> _What is being asked_
Return the complete listing without omission.
-- -- --
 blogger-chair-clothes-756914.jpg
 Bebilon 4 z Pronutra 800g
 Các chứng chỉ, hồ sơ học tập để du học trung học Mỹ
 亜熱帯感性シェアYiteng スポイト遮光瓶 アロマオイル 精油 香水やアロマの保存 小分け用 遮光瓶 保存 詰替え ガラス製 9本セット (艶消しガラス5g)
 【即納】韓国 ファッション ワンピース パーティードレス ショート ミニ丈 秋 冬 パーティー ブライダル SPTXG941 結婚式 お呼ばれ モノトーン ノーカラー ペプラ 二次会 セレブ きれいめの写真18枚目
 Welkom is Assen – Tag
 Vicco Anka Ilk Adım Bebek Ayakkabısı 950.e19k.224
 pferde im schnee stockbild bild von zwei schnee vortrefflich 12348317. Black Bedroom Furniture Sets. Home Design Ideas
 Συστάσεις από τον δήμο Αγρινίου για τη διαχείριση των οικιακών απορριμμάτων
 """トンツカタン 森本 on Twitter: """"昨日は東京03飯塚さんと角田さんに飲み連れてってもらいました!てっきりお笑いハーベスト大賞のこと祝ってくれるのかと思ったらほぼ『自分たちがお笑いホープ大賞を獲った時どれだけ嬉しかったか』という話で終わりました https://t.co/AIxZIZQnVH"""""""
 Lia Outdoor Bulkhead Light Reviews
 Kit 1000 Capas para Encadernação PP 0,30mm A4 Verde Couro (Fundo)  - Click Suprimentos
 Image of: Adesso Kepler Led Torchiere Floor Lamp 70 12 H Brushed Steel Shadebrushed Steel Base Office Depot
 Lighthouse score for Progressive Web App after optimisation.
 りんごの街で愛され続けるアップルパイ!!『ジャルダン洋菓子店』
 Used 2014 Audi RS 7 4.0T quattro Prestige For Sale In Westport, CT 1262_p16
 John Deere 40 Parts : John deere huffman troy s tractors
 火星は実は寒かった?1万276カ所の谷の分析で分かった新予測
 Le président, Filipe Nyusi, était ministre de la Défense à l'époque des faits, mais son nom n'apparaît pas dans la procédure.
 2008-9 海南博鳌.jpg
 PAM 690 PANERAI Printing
-- -- --
> _Solution for this problem_
 blogger-chair-clothes-756914.jpg
 Bebilon 4 z Pronutra 800g
 Các chứng chỉ, hồ sơ học tập để du học trung học Mỹ
 亜熱帯感性シェアYiteng スポイト遮光瓶 アロマオイル 精油 香水やアロマの保存 小分け用 遮光瓶 保存 詰替え ガラス製 9本セット (艶消しガラス5g)
 【即納】韓国 ファッション ワンピース パーティードレス ショート ミニ丈 秋 冬 パーティー ブライダル SPTXG941 結婚式 お呼ばれ モノトーン ノーカラー ペプラ 二次会 セレブ きれいめの写真18枚目
 Welkom is Assen – Tag
 Vicco Anka Ilk Adım Bebek Ayakkabısı 950.e19k.224
 pferde im schnee stockbild bild von zwei schnee vortrefflich 12348317. Black Bedroom Furniture Sets. Home Design Ideas
 Συστάσεις από τον δήμο Αγρινίου για τη διαχείριση των οικιακών απορριμμάτων
 """トンツカタン 森本 on Twitter: """"昨日は東京03飯塚さんと角田さんに飲み連れてってもらいました!てっきりお笑いハーベスト大賞のこと祝ってくれるのかと思ったらほぼ『自分たちがお笑いホープ大賞を獲った時どれだけ嬉しかったか』という話で終わりました https://t.co/AIxZIZQnVH"""""""
 Lia Outdoor Bulkhead Light Reviews
 Kit 1000 Capas para Encadernação PP 0,30mm A4 Verde Couro (Fundo)  - Click Suprimentos
 Image of: Adesso Kepler Led Torchiere Floor Lamp 70 12 H Brushed Steel Shadebrushed Steel Base Office Depot
 Lighthouse score for Progressive Web App after optimisation.
 りんごの街で愛され続けるアップルパイ!!『ジャルダン洋菓子店』
 Used 2014 Audi RS 7 4.0T quattro Prestige For Sale In Westport, CT 1262_p16
 John Deere 40 Parts : John deere huffman troy s tractors
 火星は実は寒かった?1万276カ所の谷の分析で分かった新予測
 Le président, Filipe Nyusi, était ministre de la Défense à l'époque des faits, mais son nom n'apparaît pas dans la procédure.
 2008-9 海南博鳌.jpg
 PAM 690 PANERAI Printing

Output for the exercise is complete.